ГоловнаСуспільствоЖиття

Сумбурні спогади

Над моим рабочим столом висит небольшой портрет Сергея Сергеевича Аверинцева. Мне подарила его сравнительно недавно страждущая женщина, мать. Меня познакомил с Аверинцевым Иван Алексеевич Свитлычный. Там, в лагере ВС 389/35 на Урале. С ним, с Ароном Гуревичем, Леонидом Баткиным, Михаилом Стеблиным-Каменским. Мудрые, они помогли мне там выжить.

Фото: psmb.ru

Нет-нет, я не был знаком ни с кем из них. Тогда, в уже далекие 70-ые, они жили в «большой зоне» СССР, посещали библиотеки, общались с коллегами-историками, голосовали на институтских ученых советах и молча терпели то, что я, молодой романтик, вытерпеть не смог. Портрет Аверинцева над столом – это вечный поклон наставнику, сумевшего убедить мятущегося зэка: и это пройдет! Кто-то из моих лагерных друзей остался в прошлом, умер. Кто-то будет праздновать очередную годовщину независимости Украины. Вот и Серей Сергеевич незадолго до смерти побывал в моем Киеве, говорил со студентами.

Российская интеллектуальная элита… Всегда чужая в собственной стране. Гонимая либо едва терпимая властью. Но всегда – элита. Советские партийные чиновники уровнем образованности даже царским жандармам в подметки не годились. И вот – все как встарь. Укравшие миллиарды нувориши, следуя идеологии, граничащей с русской патриотической шизофренией, пытаются восстановить империю. Такая сегодня там элита. Вызов нового, очередного варварства, наглый и агрессивный.

Там, в зоне, я читал стихи Аверинцева о Византии. О духовных корнях культуры страны, где я находился в заточении. Где рядом со мною жил мой Учитель, «буржуазный украинский националист» Иван Алексеевич Свитлычный, открывший мне вход в мир Аверинцева. Он, мой Учитель, был homo negans, человек, способный сказать «нет», хотя большинство его соплеменников говорили «да», поскольку это требовалось для физического выживания или карьерного успеха.

Он, Иван Алексеевич Свитлычный, не был, разумеется, националистом. Европейский литератор, воспитанный на Сковороде и раннем Тычине, Чаадаеве и Гоголе, Гессе и Фолкнере, он был попросту верен своей, украинской культуре. А верность культуре – самая высокая и непреложная.
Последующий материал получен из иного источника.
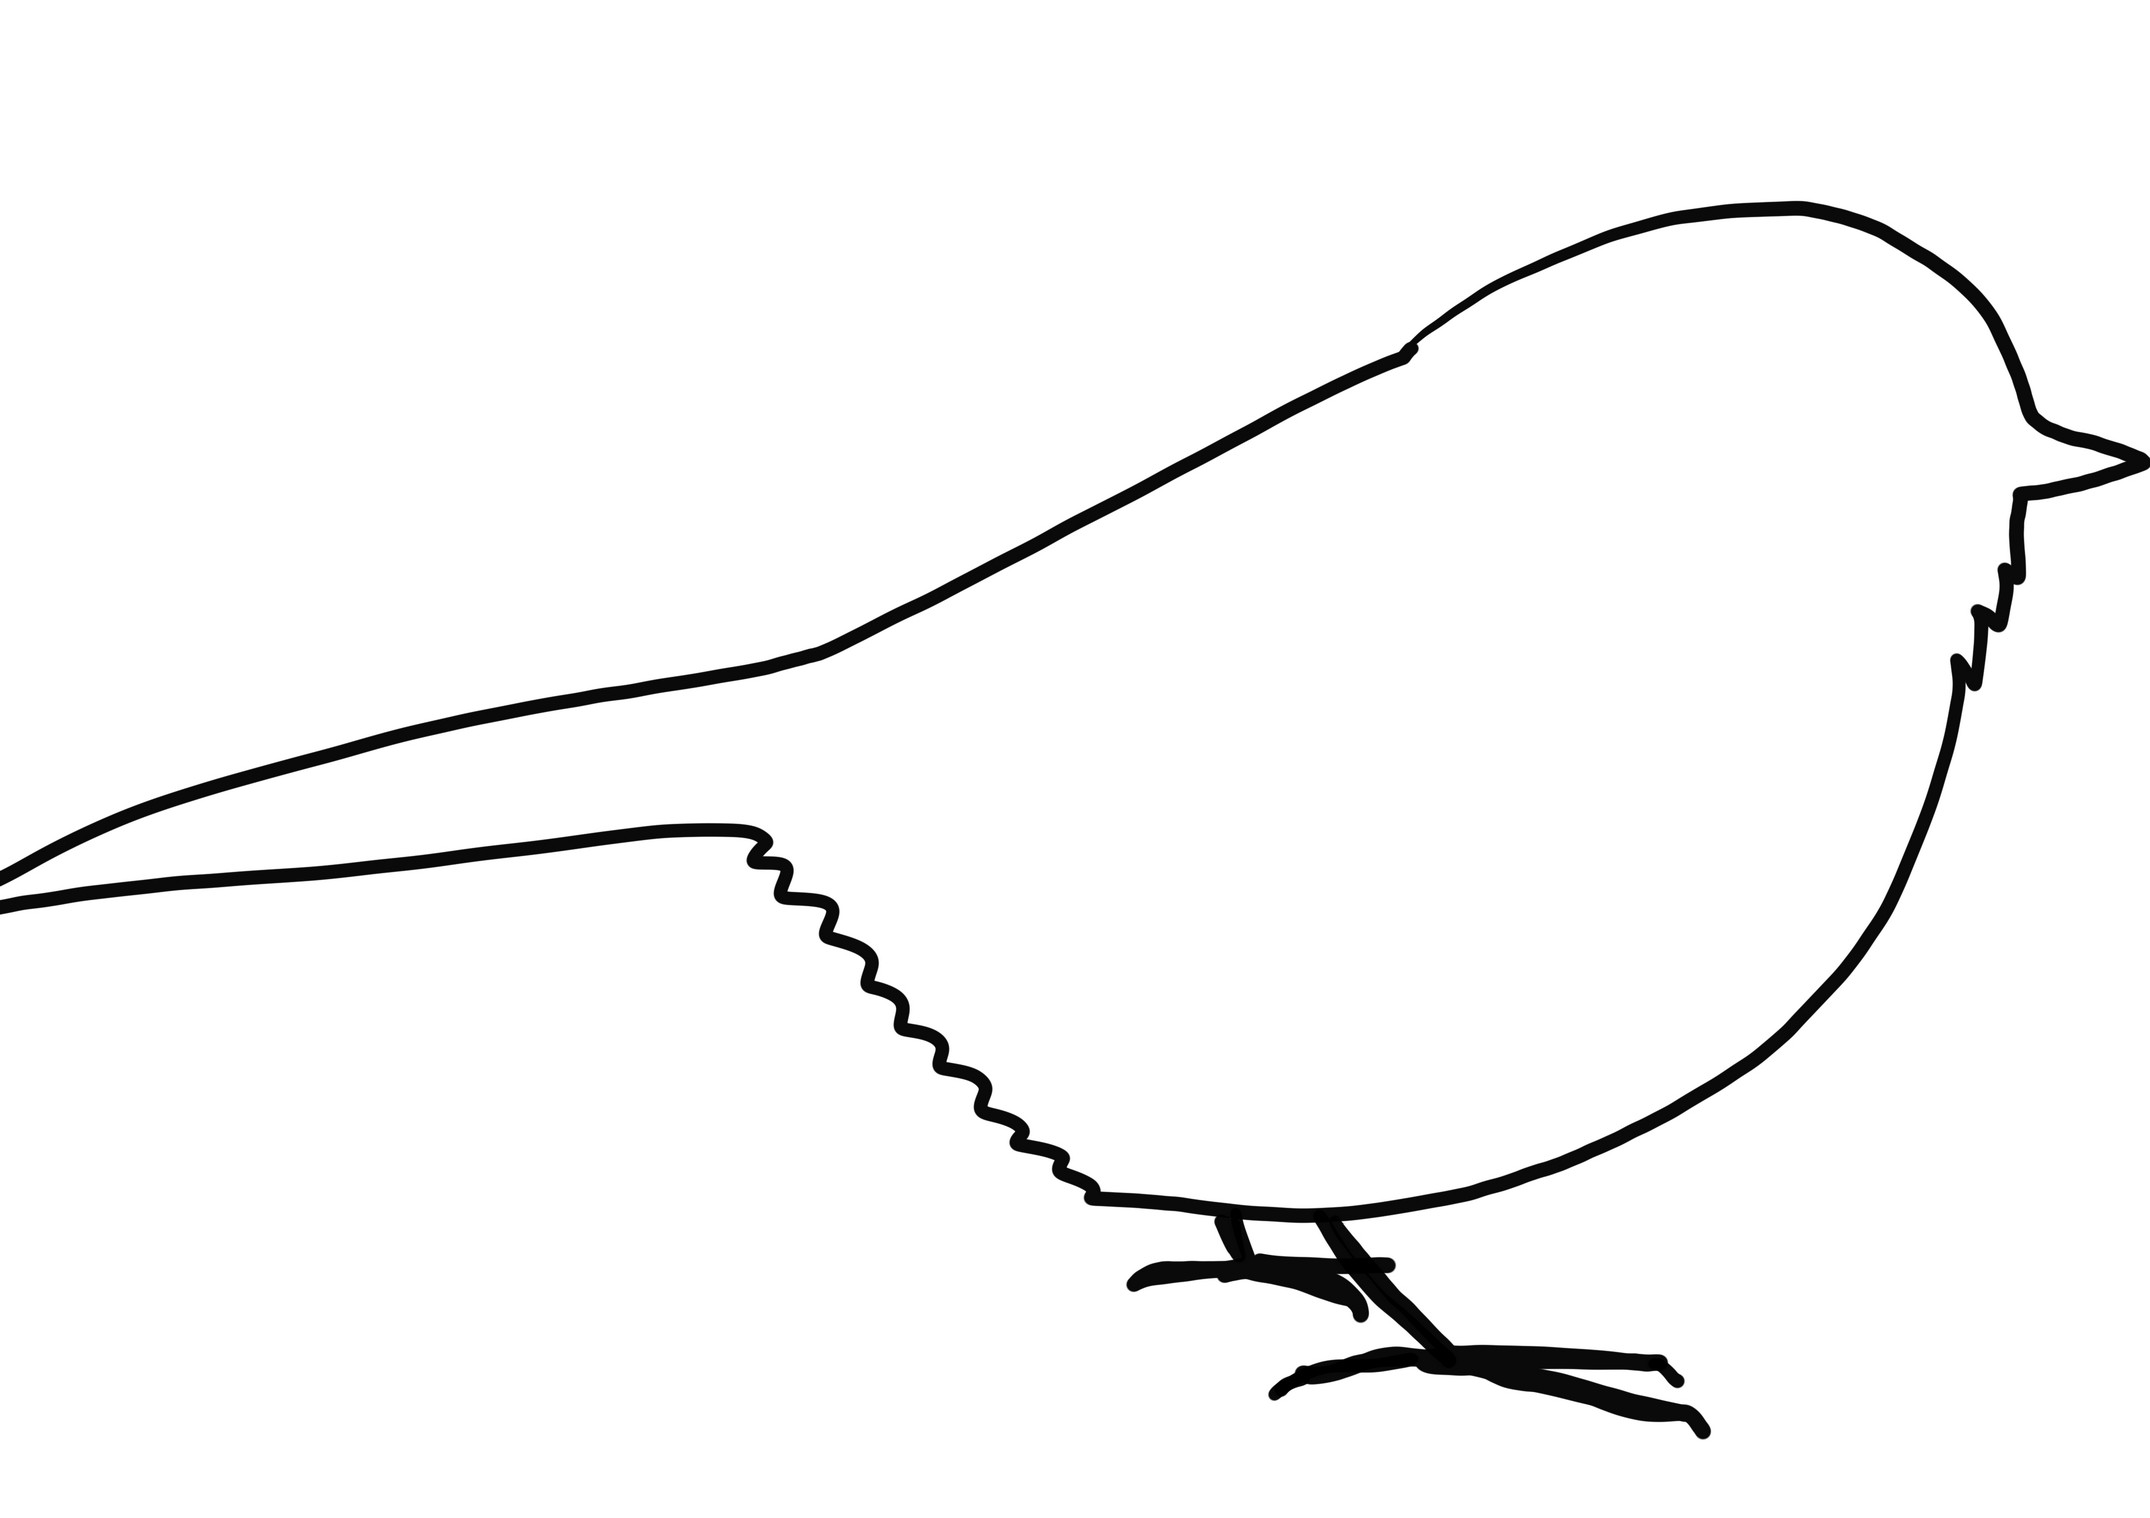 Poecile atricapillus silhouette coloring page

Это он, «буржуазный националист», пояснил мне как-то, что поэзия рождается из внутреннего раздора. И я, его Первый ученик, запомнил это.

Сумбурные воспоминания… Горькие, светлые, разные. И я знаю, в чем причина этого уже привычного августовского обострения. В приближении праздника Независимости. Залганной, захваченной грязными руками независимости. В день, когда выходят пред светлы очи народной любви очередные проходимцы и воры, я погружаюсь в воспоминания. В день суда над Валерой Марченко, где трое евреев одиноко стояли в ожидании приговора. Смертного приговора, увы. Там я встречаюсь и тихо беседую с Евгеном Прышляком, Степаном Сорокой, Иосифом Мешенером, Ионасом Матузевичусом. Там мне уютно и сладко. Да, уютно и сладко в тюрьме.

Потому что сегодня я опять живу в чужой стране. Одинокий и всегда сомневающийся, как и прежде. Одно меня утешает и вселяет надежду: в этой стране и сегодня достаточно много homo negans – людей, способных сказать «нет». Надежда – психологический спутник жизни. Повторю слова Аверинцева: никто не судья себе самому, я не знаю, чего мне удалось и чего не удалось добиться; я могу только объяснить, чего я хотел.

Я хотел правды и справедливости. Их все еще нет в моей стране.